Mussell says China has already made “impressive progress” through agricultural research and modernization efforts. “It’s an overarching priority for them,” he said.
However, sources noted that Beijing’s focus on self-sufficiency does not necessarily mean China will stop importing foreign food products altogether.
Chris Davison, president and CEO of the Canola Council of Canada, says China’s growing middle class and changing diets will likely continue driving demand — both for imported vegetable oils and feed products rendered from the oil-making process.
“Canadian canola has a well-established and recognized brand,” said Davison. He points out that while China also has a significant domestic canola industry of its own, the crop produced by Chinese farmers is “not identical” to the Canadian product.
In a follow-up email, Smyth suggested that Canada may be best able to maintain export dominance in areas where China cannot “reverse engineer” what Canada produces domestically.
“I’m sure China would like to develop these [canola] varieties, but it may be that this canola is processed here and then exported, which would limit the ability for China to reverse engineer it,” he said.
Structured around exports
While China may view food imports as a long-term vulnerability, it nevertheless uses these imports as short-term leverage.
This was highlighted in a recent trade dispute over canola exports.
In March 2025, China imposed 100 per cent tariffs on Canadian canola oil and meal in retaliation for Canada imposing 100 per cent tariffs on Chinese-made electric vehicles.

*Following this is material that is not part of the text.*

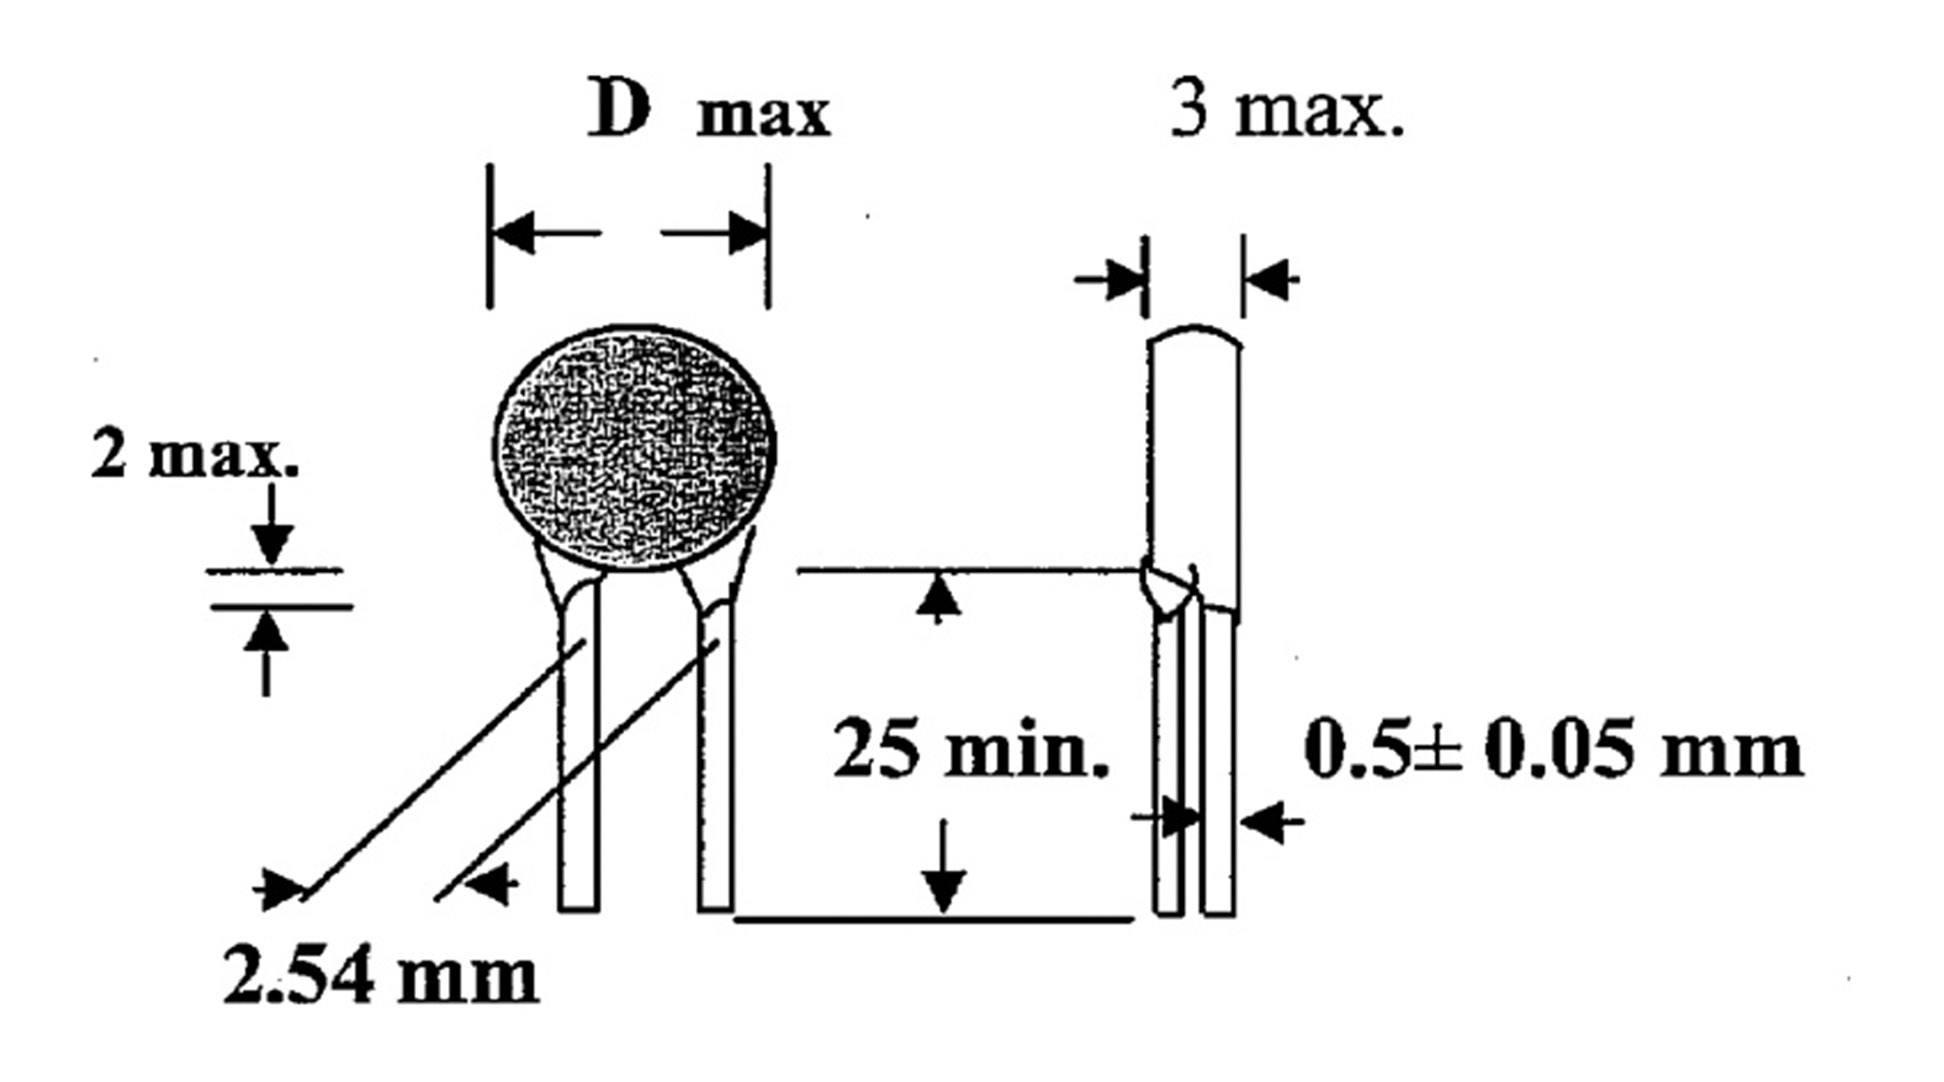 Keramický kondenzátor THT TRU COMPONENTS TC-K47PF2, 47 pF, 100 V, 5 %, 1 ks

Months later, Beijing escalated the dispute by adding a 76 per cent tariff on Canadian canola seed itself.
The Carney government ultimately responded by striking a deal in January to allow 49,000 Chinese EVs into Canada at reduced tariffs in exchange for China reducing its tariff on Canadian canola seed from about 85 per cent to 15 per cent.
According to Greg Ip, a Canadian-American journalist who is chief economics commentator at the Wall Street Journal, this is a familiar playbook.
“China routinely retaliates against unfriendly governments by weaponizing its market — that is, shutting out their exports,” Ip recently wrote.
Smyth agrees.
“[China has] a history, over the past certainly five years, of any time that they feel there’s a political irritation between the two countries, that their policy response is to put a tariff on something that we export a significant percentage [of],” he said.
“Everything we export to China is vulnerable to tariffs,” he added.
Despite this, the Carney government has made it a priority to increase all Canadian exports to China by 50 per cent by 2030 as part of a renewed “strategic partnership” with Beijing.
“As a major food producer, Canada is well-positioned to remain a reliable supplier of safe and high-quality food products for Chinese consumers while helping China meet its food demands,” a spokesperson for Agriculture and Agri-Food Canada told Canadian Affairs in an email statement.
At the same time, the department said Ottawa is also supporting efforts to diversify Canadian exports into other Indo-Pacific markets through trade agreements and an agricultural trade office located in the Philippines.
Mussell, likewise, points to India, Indonesia and other rapidly growing Asian economies as promising areas for export growth.
“ Is Canada going to flood the world? No, we aren’t, [but] we’ve got far more than what we can consume ourselves.”